Ciri khas budaya ini adalah membentuk karakter masyarakat yang agraris-egaliter, bekerja keras, agresif, ekspansif dan memiliki solidaritas tinggi, tetapi masih menempatkan pemimpin agama Islam sebagai tokoh kunci. Wilayahnya meliputi Pasuruan, Probolinggo, Situbondo, Bondowoso, Lumajang, dan Jember.

Pembagian wilayah kultural ini menunjukkan bahwa Jatim memang dinamis, terus bergerak. Inilah bagian dari Jawa yang mengalami perubahan budaya yang dipelopori oleh percampuran budaya lokal. Tempat ”kuali” budaya-budaya lokal dan asing ”dileburkan”.


(Ignatius Kristanto/ Litbang Kompas)

1 komentar:

  1. Asal mula Arek berasal ketika jaman Kerajaan Singosari-Majapahit.
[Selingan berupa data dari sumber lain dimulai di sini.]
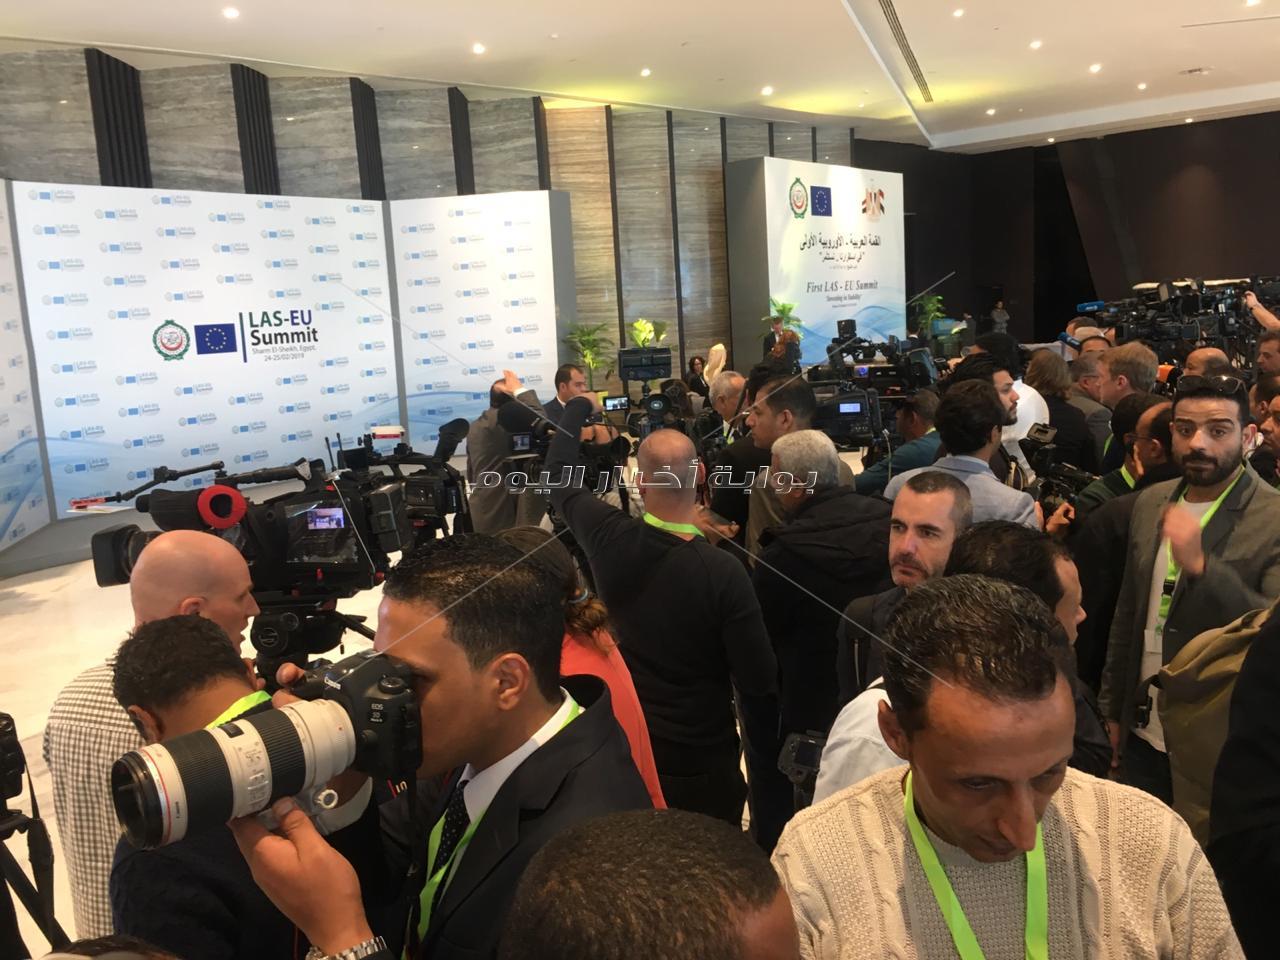 القمة العربية الأوروبية| وسائل الإعلام في انتظار وصول الرؤساء والقادة

Pada saat berdirinya Kerajaan Singosari-Malang dan Ken Arok sebagai Rajanya, ada peruntukan khusus untuk nama Arek yg berarti adalah -keturunan-. Arok memiliki arti Dewa/Tuhan sedangkan Arek berarti "Anak/Anak-dari" (Arti Ken sendiri selain memiliki banyak arti juga kental dgn makna "teritorial"). Ini adalah bentuk pembeda dari wilayah "Bocah-an" dan "Arek-an" yg mana ditambah lagi ketika jaman kebesaran Kerajaan Majapahit daerah "Bocah" adalah merupakan wilayah "Arek" tapi tidaklah sebaliknya.
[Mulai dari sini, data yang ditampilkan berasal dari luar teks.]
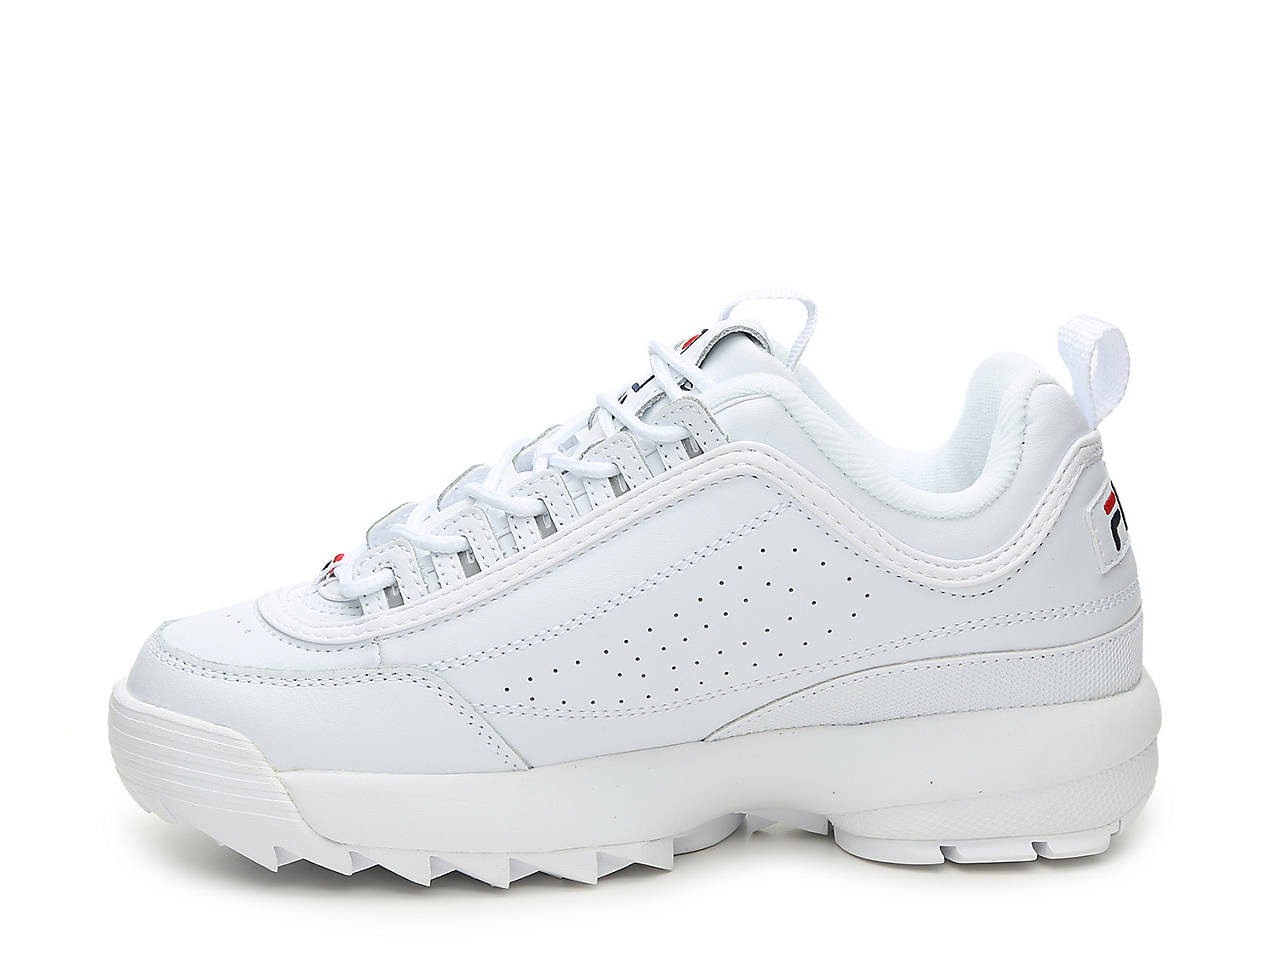 Fila Disruptor II Premium Sneaker - Women's Women's Shoes | DSW

    Nah, praktis jika melihat Kota Surabaya adalah kota para pendatang, dimana semua daerah berdatangan dan berkumpul; dan soal "Arek" ini adalah wujud dari keunggulan serta pengaruh kuat dari leluhur di jaman dulu.

    Pelajari dan amati sejarahnya, barulah kita tarik dari Malang ke Surabaya. Karena tidak dapat dipungkiri bahwa Surabaya merupakan daerah suksesor dan pewaris genetik kreatif Malang secara tidak terlihat.

    "Bukan untuk perbedaan tapi janganlah disamakan".